Digital Marketing or SEO is no exception from collecting data responsibly. If you extract the data that can help drive your SEO strategy quickly and effectively, it would be icing on the cake with the efforts that you are already putting in.

Despite its substantial potential, the world of SEO is yet to fully uncover the vast opportunities web scraping offers in driving immense traffic and optimizing search engine rankings. In this article, we will see if web scraping is even worth it for SEO or not.

Featured SEO Experts:
Alex Wilson
Andreas Voniatis
Daniel Heredia Mejias
Elias Dabbas
JC Chouinard
Lee Foot

What is Web Scraping?

Web scraping is the process of extracting data from a specific web page. It involves making an HTTP request to a website’s server, downloading the page’s HTML and parsing it to extract the desired data.

Techopedia

Web scraping is the art of extracting relevant data from a source that you think is reliable.
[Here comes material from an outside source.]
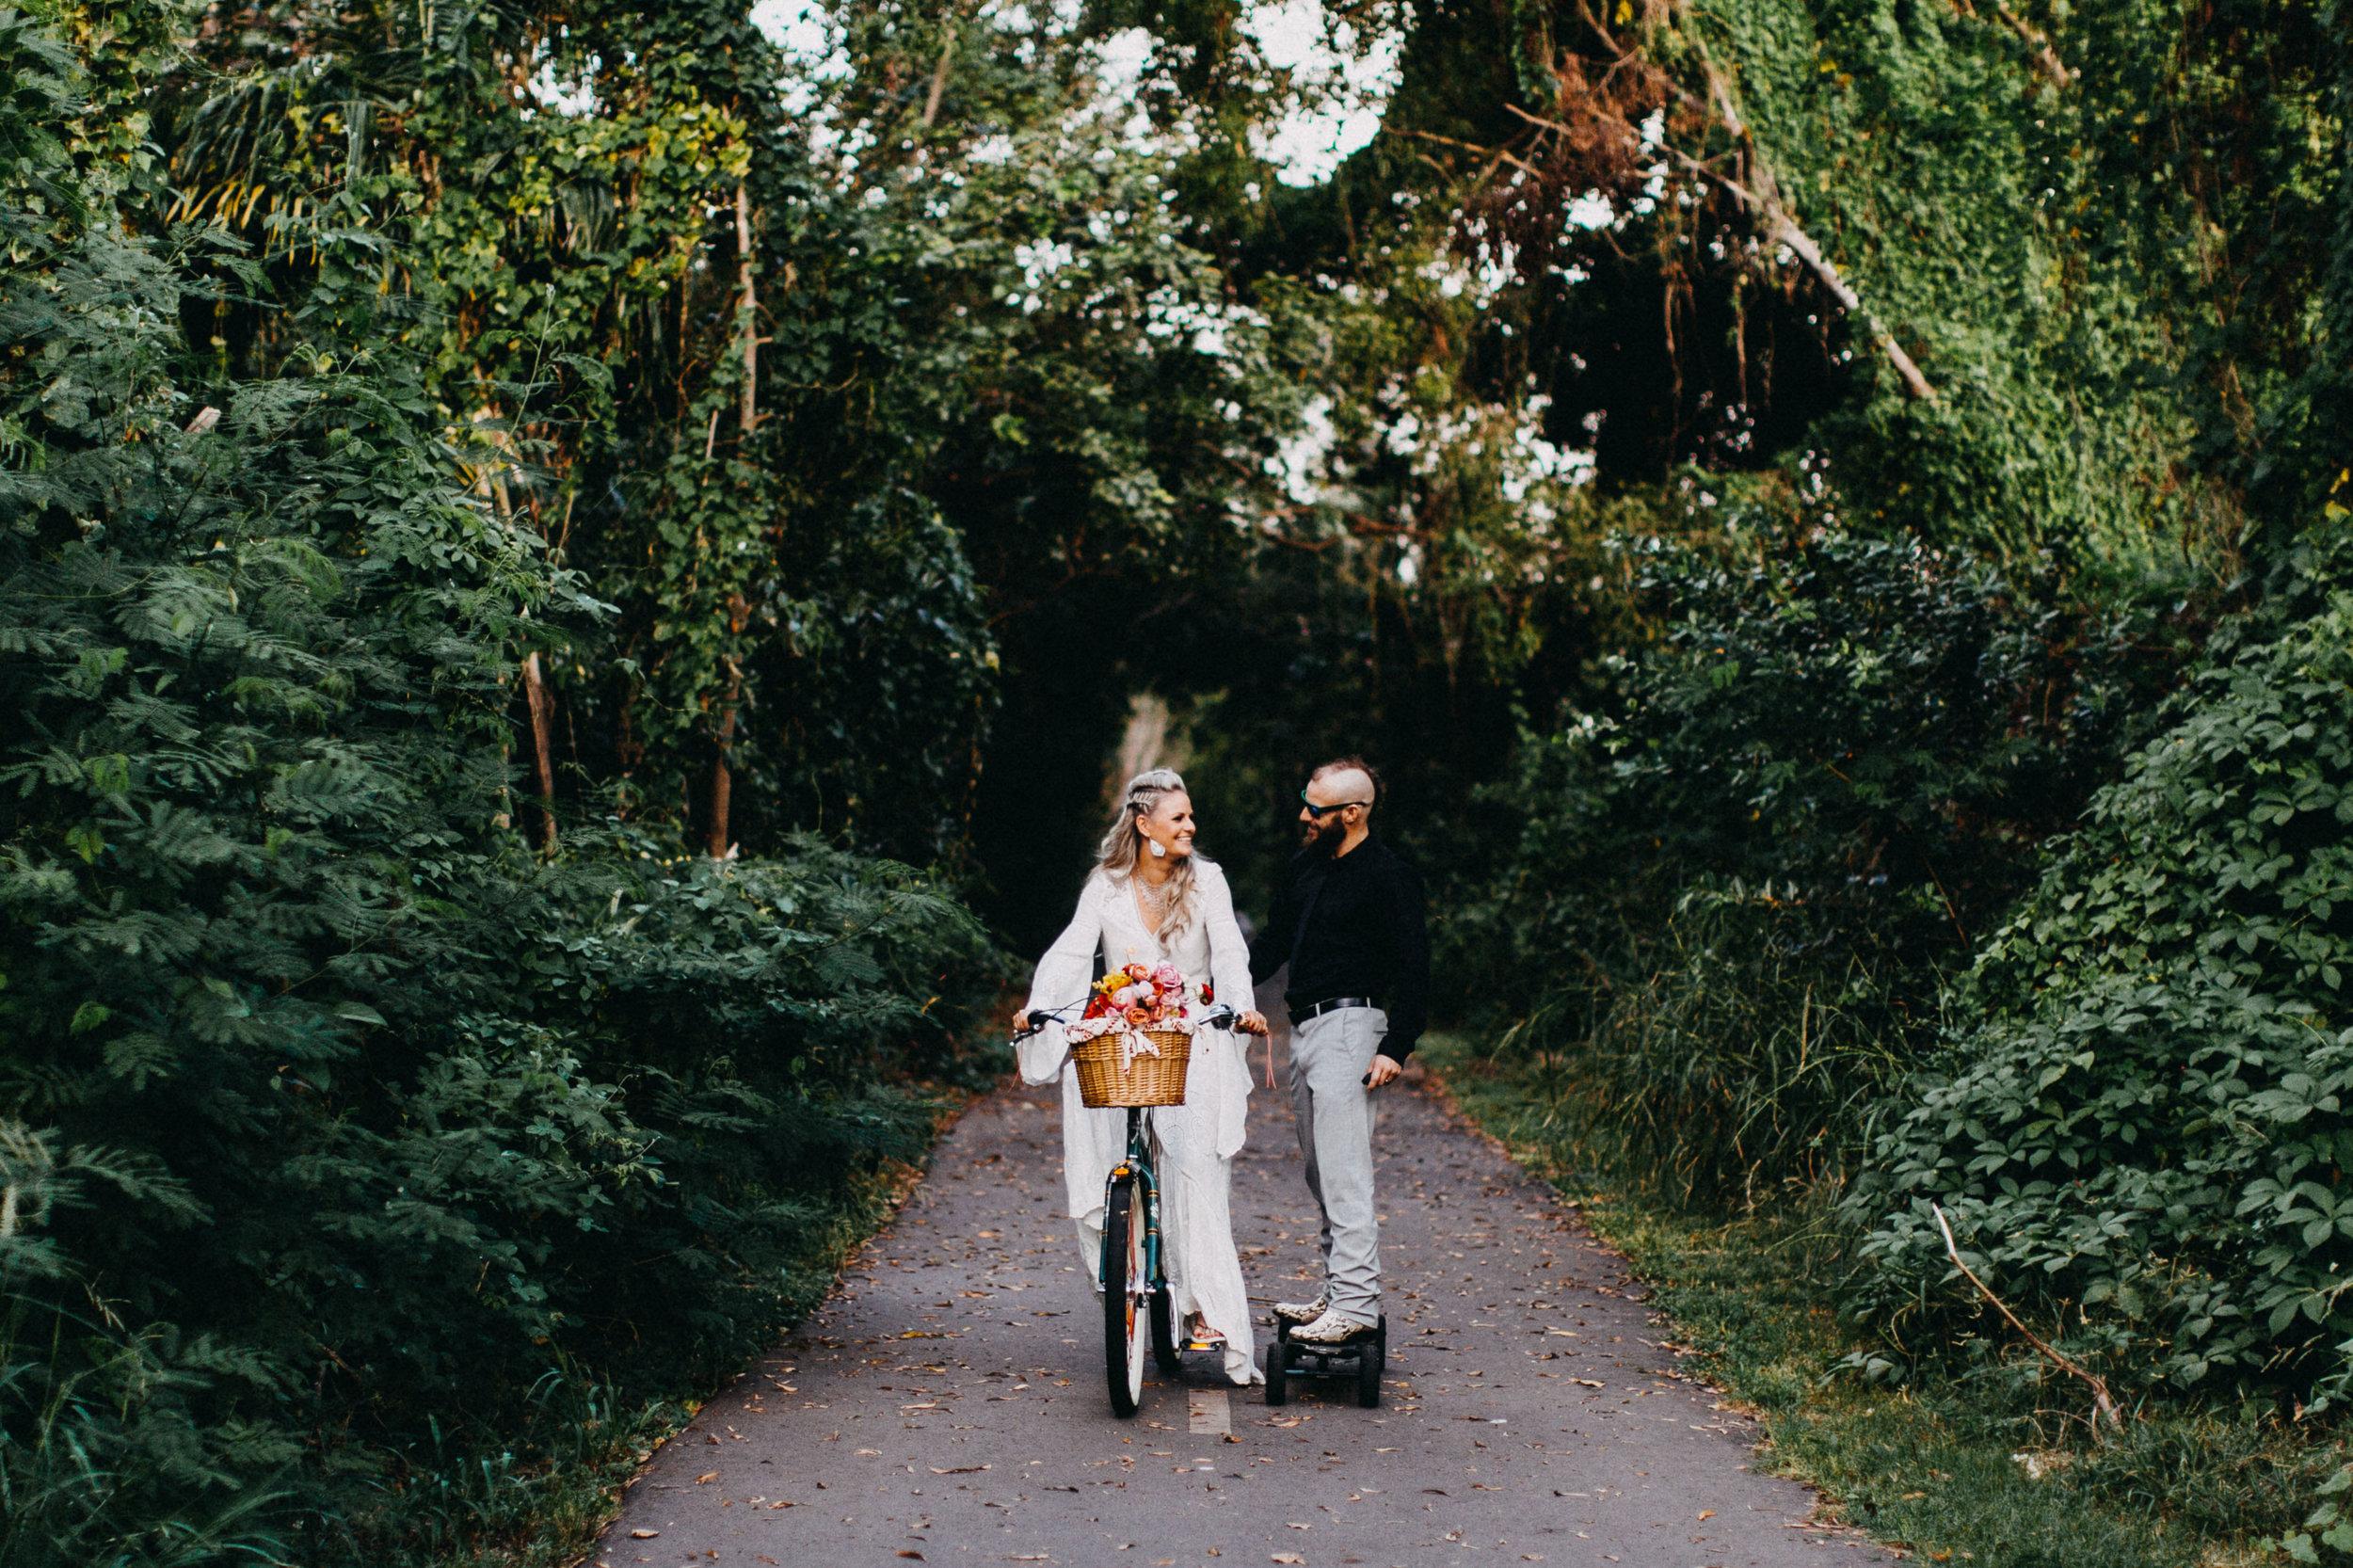 darwin-elopement-wedding-beach-camden-photography-www.emilyobrienphotography.net-49.jpg

There are some techniques & technical terms involved in the process.

  1. HTTP request is made to access the source and that is granted by the server hosting the webpage.
  2. The page’s HTML is downloaded and cleaned (parsed) to make the meaning of the collected data.

This collected data can be exported to a spreadsheet to help analyze the data better.

What are the Techniques for Web Scraping?

A) Manual Copy Pasting – The simplest of these techniques is to simply copy the data from the source webpage, and paste it into a spreadsheet to analyze it later. However, this method is error prone and with a huge amount of data to be collected and thus this method is done for usually small tasks.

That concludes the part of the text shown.